Implement a Trie Data Structure which supports the following three operations:

Operation 1 - insert(word) - To insert a string WORD in the Trie.

Operation 2-  search(word) - To check if a string WORD is present in Trie or not.

Operation 3-  startsWith(word) - To check if there is a string that has the prefix WORD.


Trie is a data structure that is like a tree data structure in its organisation. It consists of nodes that store letters or alphabets of words, which can be added, retrieved, and deleted from the trie in a very efficient way.


In other words, Trie is an information retrieval data structure, which can beat naive data structures like Hashmap, Tree, etc in the time complexities of its operations.


The above figure is the representation of a Trie. New words that are added are inserted as the children of the root node. 

Alphabets are added in the top to bottom fashion in parent to children hierarchy. Alphabets that are highlighted with blue circles are the end nodes that mark the ending of a word in the Trie.


For Example:- 
Type = ["insert", "search"], Query = ["coding", "coding].
We return ["null", "true"] as coding is present in the trie after 1st operation.
Detailed explanation ( Input/output format, Notes, Images )
Input Format 
The first input line contains an integer 'Q' representing the number of queries.

The next line contains an array that defines the type of the query.

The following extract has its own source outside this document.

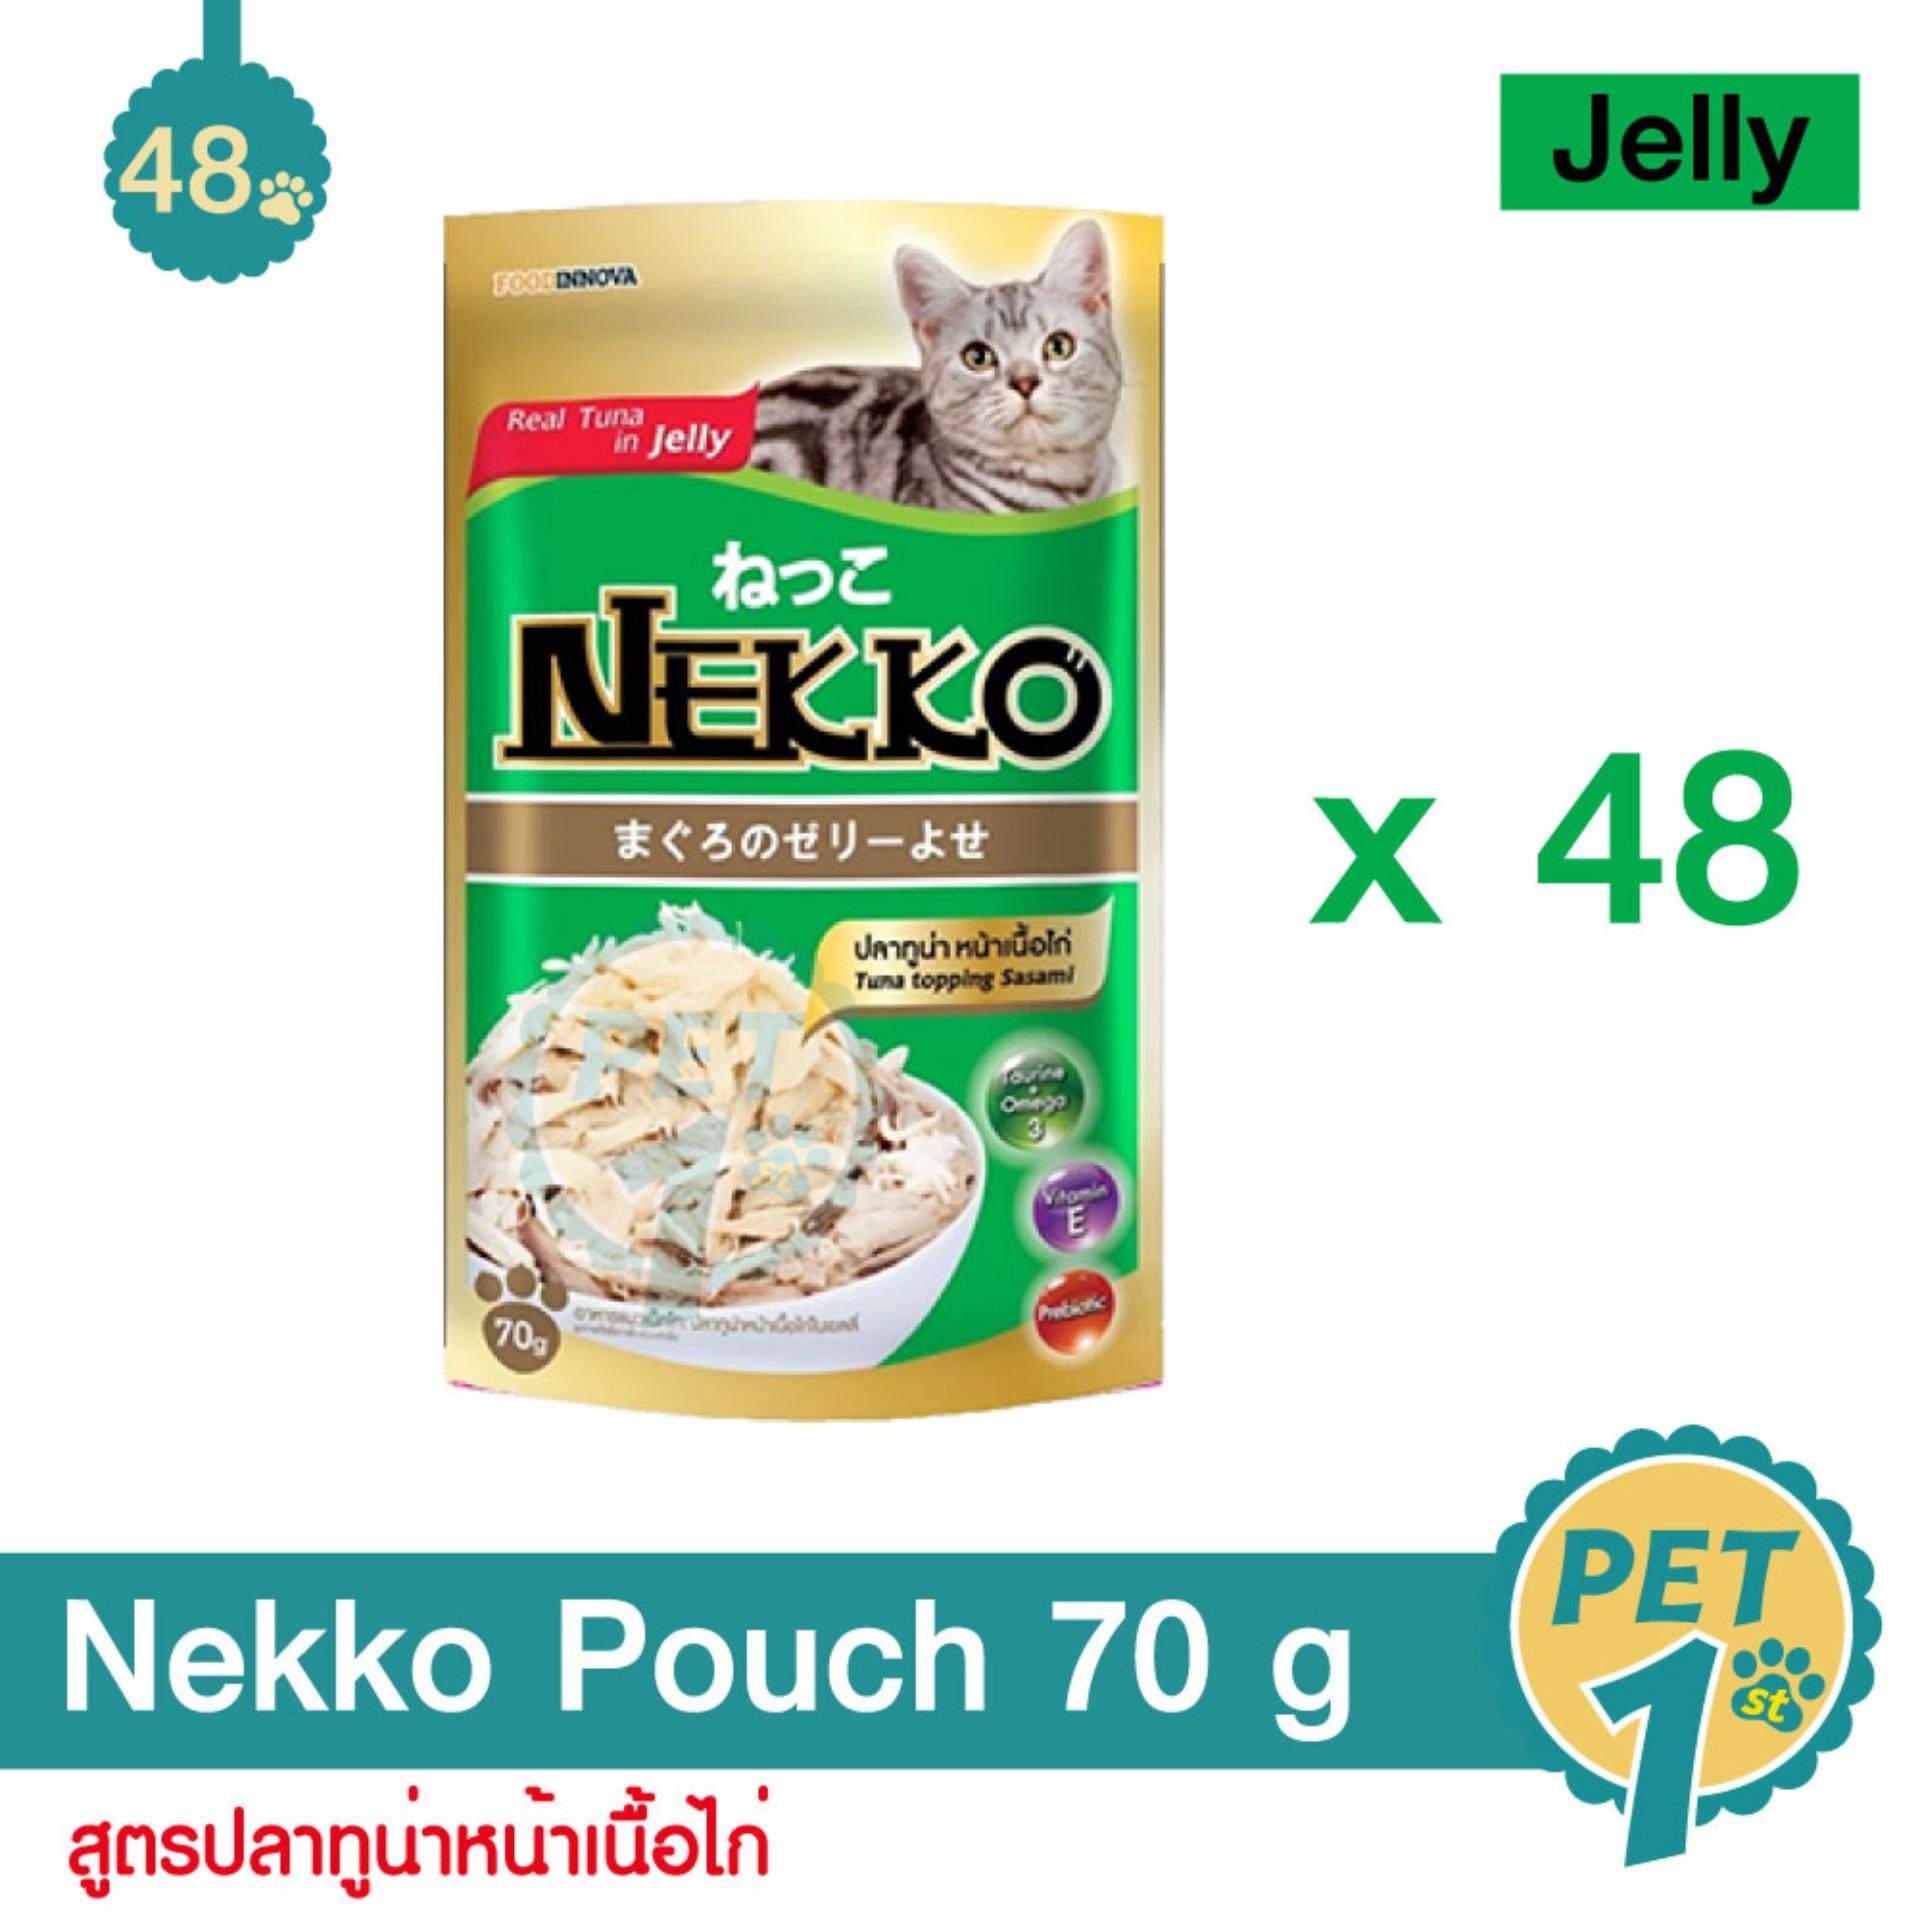 Nekko Pouch 70 g x 48 Units อาหารเปียกแมว สูตรปลาทูน่า หน้าเนื้อไก่ 48 ซอง

The next line contains the words on which we have to perform operations.
Output Format: 
The only line contains an array that contains the answer to the query that is "true" or "false" for 2nd and 3rd type of operation and "null" for 1st operation.
Sample Input 1 :
5
insert insert search search startWith
coding ninjas coding ninja ninja
Sample Output 1 :
null null true false true
Explanation to Sample Input 1 :
Query 1: "coding" is inserted

Query 2: "ninjas" is inserted

Query 3: "true" is printed as "coding" is present

Query 4: "false" is printed as "ninja" is not present, but "ninjas" is present.

Query 5: "true" is printed as there is a word "ninjas" that starts with "ninja".
Sample Input 2 :
3
insert search startWith
book books b
Sample Output 2 :
null false true
Constraints :
1 <= 'Q' <= 10^4
1 <= | WORD | <= 2000
Hint

Can we implement it with the help of arrays?

Approaches (1)
Implementation

We are given two functions, insert and search, both taking a single string as the only parameter. 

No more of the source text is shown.